Cultura e salto civilizatório

Ana Cristina Campos (*) –

Desde a sessão do Congresso Nacional de 2016, que aprovou o impedimento da presidente Dilma Rousseff, até a trágica  ascenção  de Jair Bolsonaro à Presidência do Brasil, busco a companhia de Sigmund Freud  nos seus  escritos relativos ao papel da Cultura na harmonização da vida comunal e consequente elevação dos patamares de civilização dos povos. Tais reflexões, pouco evocadas dentre o conjunto de sua obra entre nós, deveriam merecer  mais atenção nesta quadra da história humana, especialmente a brasileira.

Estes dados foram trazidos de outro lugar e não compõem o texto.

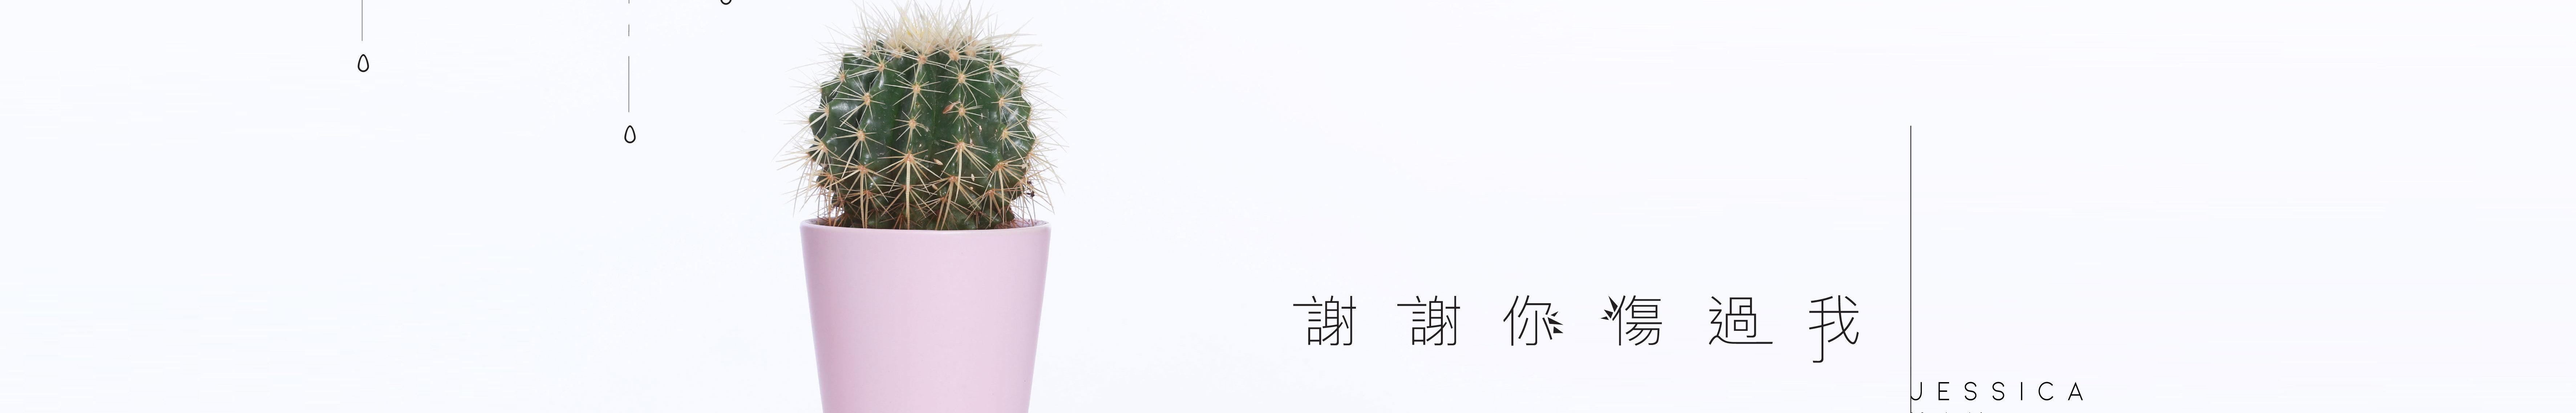 GMEMusic banner
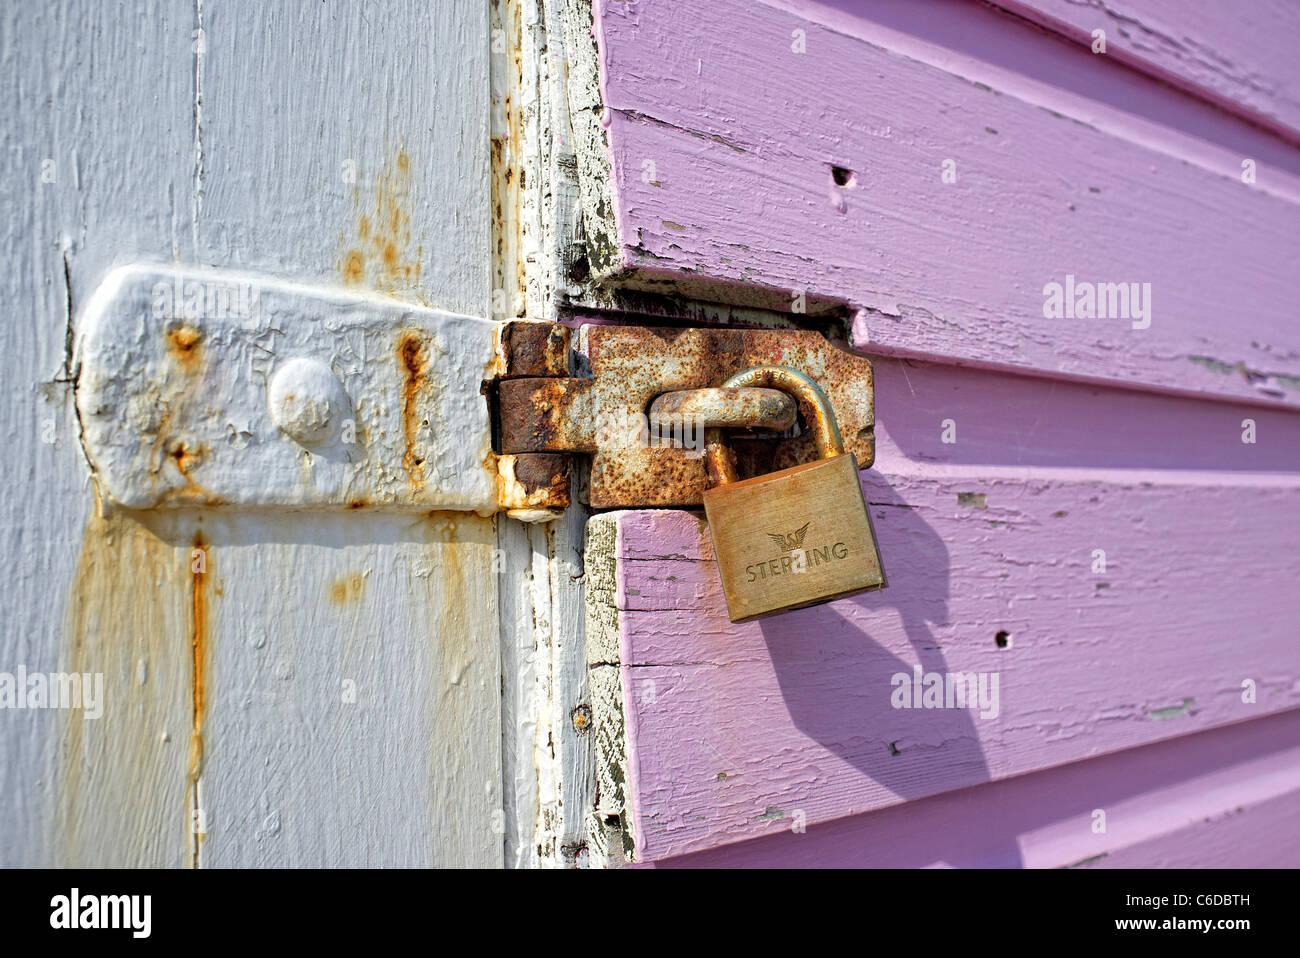 Cadenas sur une porte en bois peint. Photo Stock

No seu texto de 1927, O Futuro de uma ilusão, Freud faz o esboço de sua teoria sobre o  “Mal estar na Civilização”. Nele, está o entendimento de civilização como sendo todo o conhecimento e capacidade que o homem adquiriu com o fim de controlar as forças da natureza e extrair dela a satisfação das necessidades humanas. E, além disso, todos os regulamentos necessários para ajustar as relações dos homens uns com os outros, especialmente a distribuição da riqueza disponível.

Este processo civilizatório exige uma série de renúncias instintuais (relativas aos instintos) que se tornam indispensáveis à existência comunal e são estas renúncias que produzem o “mal estar”, entre as quais Freud destaca as mais estruturais para o arcabouço da cultura ocidental com berço na Europa, a saber: o canibalismo, o incesto e o desejo de matar:

“Quando a civilização formulou o mandamento de que o homem não deve matar o próximo a quem odeia, que se acha em seu caminho ou cuja propriedade cobiça, isso foi claramente efetuado no interesse comunal do homem, que, de outro modo, não seria praticável, pois o assassino atrairia para si a vingança dos parentes do morto e a inveja de outros, que, dentro de si mesmos, se sentem tão inclinados quanto ele a tais atos de violência. Assim, não desfrutaria de sua vingança ou de seu roubo por muito tempo, mas teria toda possibilidade de ele próprio em breve ser morto. Mesmo que se protegesse contra seus inimigos isolados através de uma força ou cautela extraordinárias, estaria fadado a sucumbir a uma combinação de homens mais fracos. Se uma combinação desse tipo não se efetuasse, o homicídio continuaria a ser praticado de modo infindável e o resultado final seria que os homens se exterminariam mutuamente. (...) A insegurança da vida, que constitui um perigo igual para todos, une hoje os homens numa sociedade que proíbe ao indivíduo matar.” (Freud, O Futuro de uma ilusão)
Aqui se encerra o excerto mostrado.